- Location of Leon in Mason County, West Virginia.
- Coordinates: 38°44′58″N 81°57′29″W﻿ / ﻿38.74944°N 81.95806°W
- Country: United States
- State: West Virginia
- County: Mason

Area
- • Total: 0.37 sq mi (0.97 km^{2})
- • Land: 0.32 sq mi (0.83 km^{2})
- • Water: 0.054 sq mi (0.14 km^{2})
- Elevation: 568 ft (173 m)

Population (2020)
- • Total: 137
- • Estimate (2021): 135
- • Density: 462/sq mi (178.5/km^{2})
- Time zone: UTC-5 (Eastern (EST))
- • Summer (DST): UTC-4 (EDT)
- ZIP code: 25123
- Area code: 304
- FIPS code: 54-46300
- GNIS feature ID: 1541786

= Leon, West Virginia =

Leon is a town in Mason County, West Virginia, United States, situated along the Kanawha River. The population was 137 at the 2020 census. It is part of the Point Pleasant, WV-OH Micropolitan Statistical Area.

==Etymology==
Leon was known as Cologne until, in 1880, it was changed to its current name; however, it is unknown from where the name 'Leon' was derived.

==History==

The Gen. John McCausland House was listed on the National Register of Historic Places in 1980 and the boundary expanded in 2000.

==Geography==
Leon is located at (38.749501, -81.958135).

According to the United States Census Bureau, the town has a total area of 0.37 sqmi, of which 0.32 sqmi is land and 0.05 sqmi is water.

The Kanawha River, which cuts through the whole state of West Virginia, passes by Leon.

==Demographics==

Historical population
| Census | Pop. | Note | %± |
| 1880 | 127 |  | — |
| 1890 | 242 |  | 90.6% |
| 1900 | 250 |  | 3.3% |
| 1910 | 240 |  | −4.0% |
| 1920 | 299 |  | 24.6% |
| 1930 | 283 |  | −5.4% |
| 1940 | 219 |  | −22.6% |
| 1950 | 244 |  | 11.4% |
| 1960 | 236 |  | −3.3% |
| 1970 | 192 |  | −18.6% |
| 1980 | 228 |  | 18.8% |
| 1990 | 145 |  | −36.4% |
| 2000 | 132 |  | −9.0% |
| 2010 | 158 |  | 19.7% |
| 2020 | 137 |  | −13.3% |
| 2021 (est.) | 135 | Decrease | −1.5% |
U.S. Decennial Census

===2010 census===
As of the census of 2010, there were 158 people, 61 households, and 46 families living in the town.

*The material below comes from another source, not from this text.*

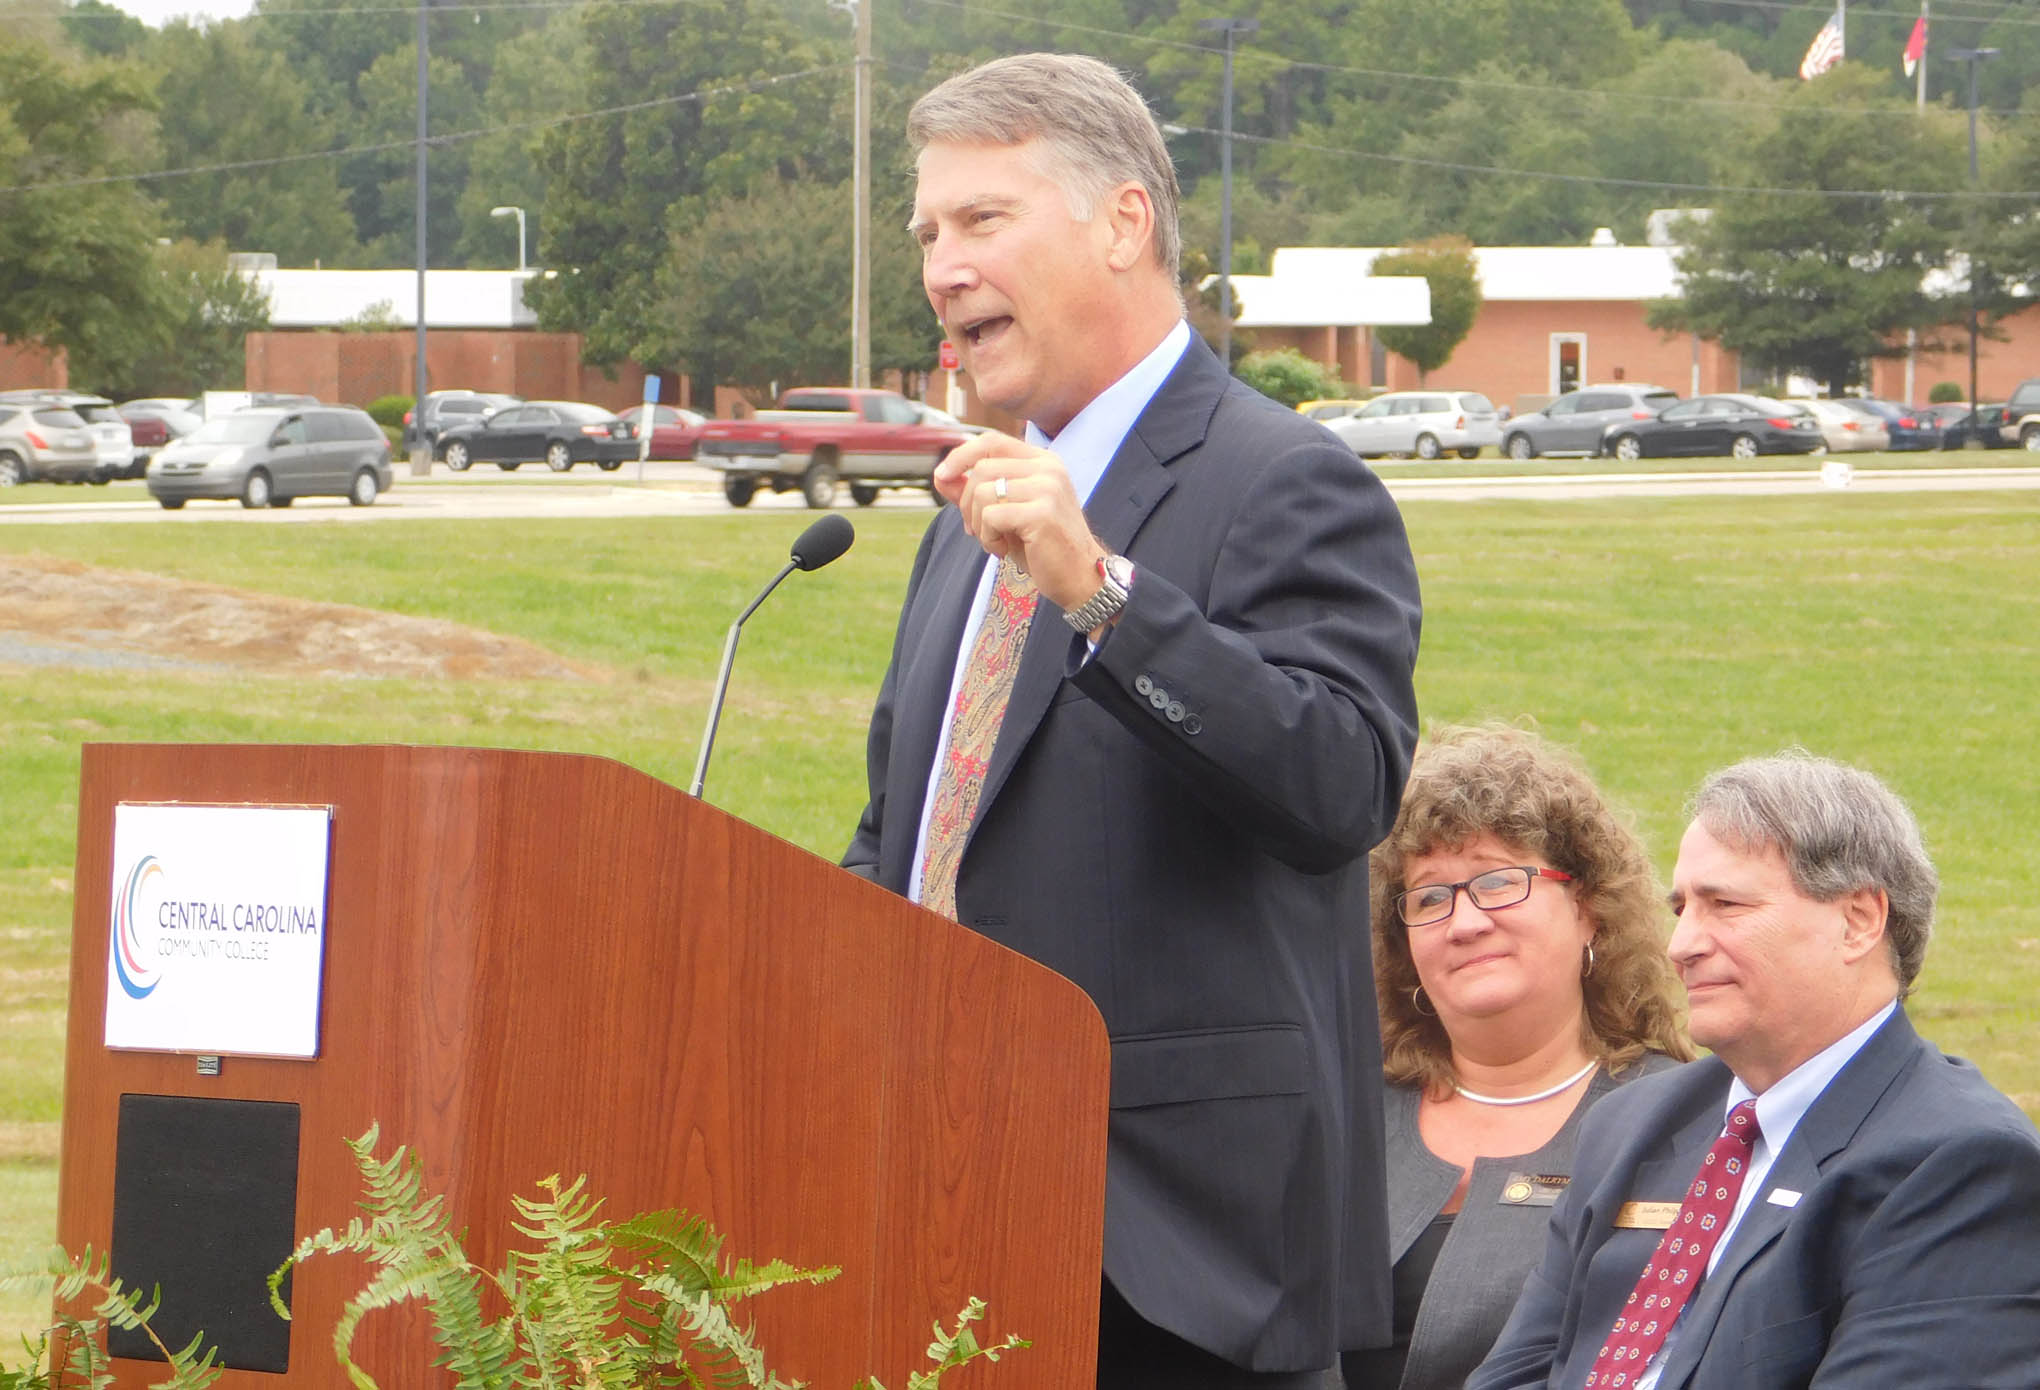 Click to enlarge,  Dennis Wicker, former North Carolina Lieutenant Governor and namesake of the Dennis A. Wicker Civic Center, called the Central Carolina Community College groundbreaking event a festive occasion. 'It's one of joy. One of excitement,' he said.

The population density was 493.8 PD/sqmi. There were 77 housing units at an average density of 240.6 /sqmi. The racial makeup of the town was 98.1% White, 0.6% African American, and 1.3% from two or more races.

There were 61 households, of which 26.2% had children under the age of 18 living with them, 60.7% were married couples living together, 9.8% had a female householder with no husband present, 4.9% had a male householder with no wife present, and 24.6% were non-families. 21.3% of all households were made up of individuals, and 21.3% had someone living alone who was 65 years of age or older. The average household size was 2.59 and the average family size was 3.00.

The median age in the town was 43.6 years. 15.8% of residents were under the age of 18; 10.8% were between the ages of 18 and 24; 27.8% were from 25 to 44; 21% were from 45 to 64; and 24.7% were 65 years of age or older. The gender makeup of the town was 50.0% male and 50.0% female.

===2000 census===
As of the census of 2000, there were 132 people, 60 households, and 40 families living in the town. The population density was 385.7 PD/sqmi. There were 73 housing units at an average density of 213.3 /sqmi. The racial makeup of the town was 100.00% White. Hispanic or Latino of any race were 0.76% of the population.

There were 60 households, out of which 26.7% had children under the age of 18 living with them, 60.0% were married couples living together, 3.3% had a female householder with no husband present, and 33.3% were non-families. 33.3% of all households were made up of individuals, and 15.0% had someone living alone who was 65 years of age or older. The average household size was 2.20 and the average family size was 2.80.

In the town, the population was spread out, with 18.2% under the age of 18, 5.3% from 18 to 24, 28.0% from 25 to 44, 31.1% from 45 to 64, and 17.4% who were 65 years of age or older. The median age was 44 years. For every 100 females, there were 97.0 males. For every 100 females age 18 and over, there were 103.8 males.

The median income for a household in the town was $21,429, and the median income for a family was $27,500. Males had a median income of $30,313 versus $11,000 for females. The per capita income for the town was $11,381. There were 16.7% of families and 12.3% of the population living below the poverty line, including 9.4% of under eighteens and none of those over 64.